Fuller House: Exposing high-end poker cheating devices (2016) - Jerry2
https://elie.net/blog/security/fuller-house-exposing-high-end-poker-cheating-devices/
======
pmoriarty
Anyone interested in this would do well to read _Gambling Scams_ [1] by Darwin
Ortiz and _How to Cheat at Everything_ [2] by Simon Lovell. There's also an
interesting _Real Hustle_ episode where they manage to cheat their way in to
winning a high stakes game against some famous professional poker players.[3]
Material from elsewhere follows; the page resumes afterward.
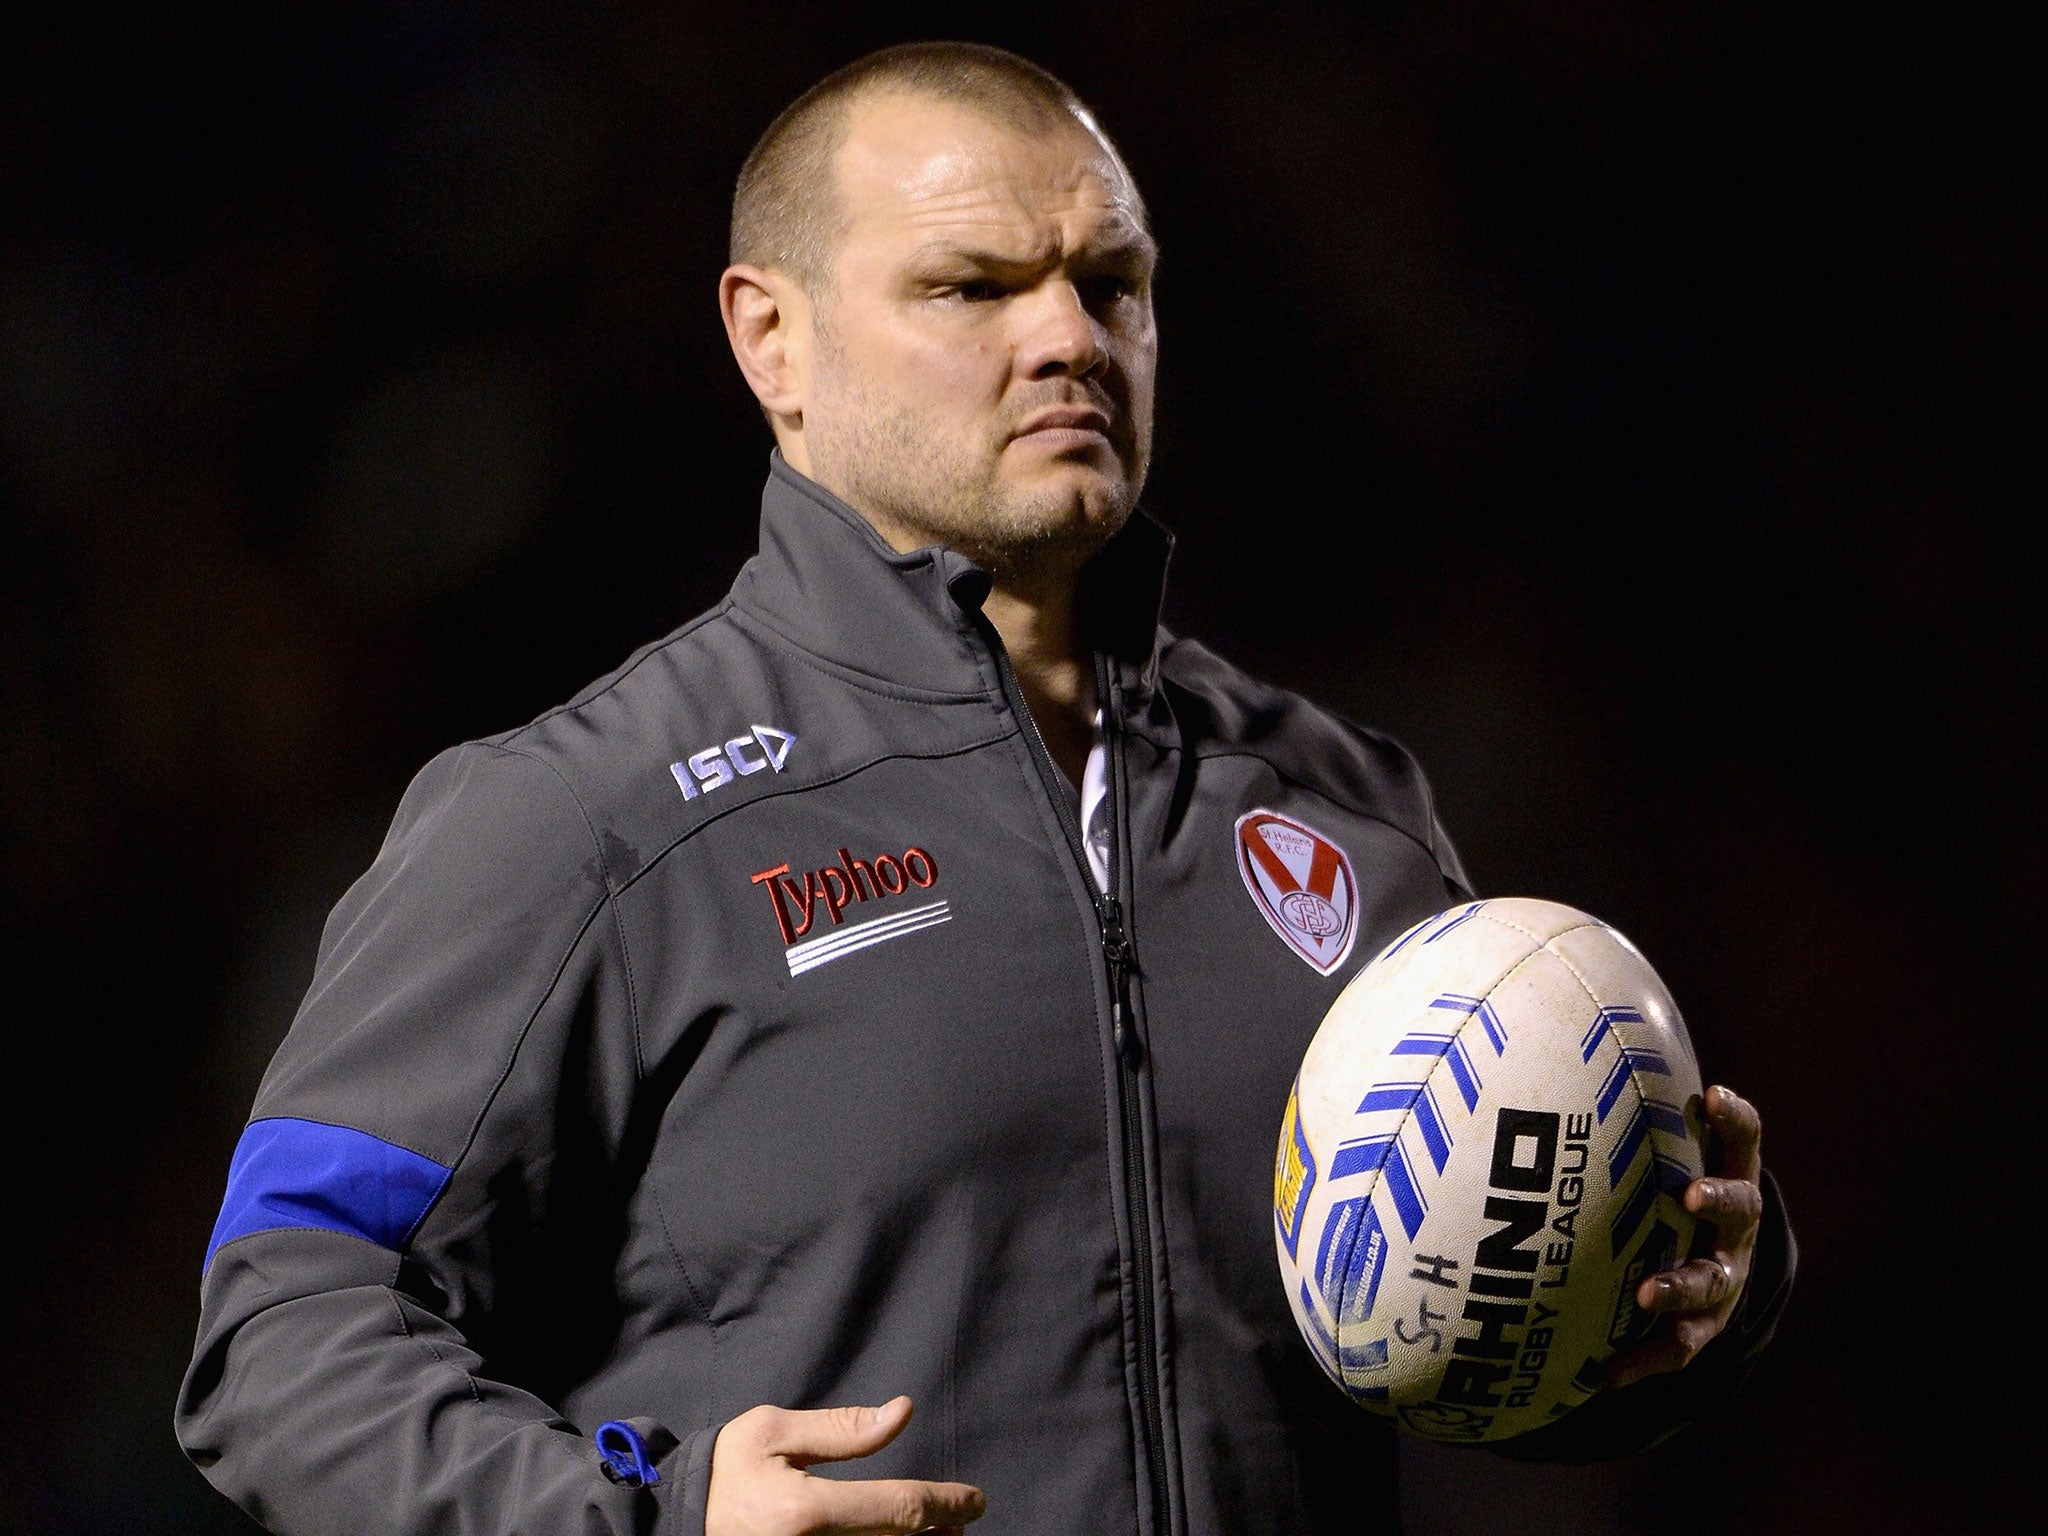 Keiron Cunningham lost his first Super League game as St Helens coach last night

The books mentioned above talk in detail about cheating methods in all sorts
of games, not just poker, and have solidified my own determination to never
gamble for money. It's way too easy to be cheated -- and the cheaters don't
need any high end devices to do it either. Plenty of methods are very simple,
very cheap (if you don't count the medical, legal, or funeral bills if you get
caught), and very effective.

[1] - [https://www.amazon.com/Gambling-Scams-Detect-Protect-
Yoursel...](https://www.amazon.com/Gambling-Scams-Detect-Protect-
Yourself/dp/0818405295/)

[2] - [https://www.amazon.com/How-Cheat-Everything-Simon-
Lovell/dp/...](https://www.amazon.com/How-Cheat-Everything-Simon-
Lovell/dp/1560259736/)

[3] -
[https://www.youtube.com/watch?v=63jgfmgqkO0](https://www.youtube.com/watch?v=63jgfmgqkO0)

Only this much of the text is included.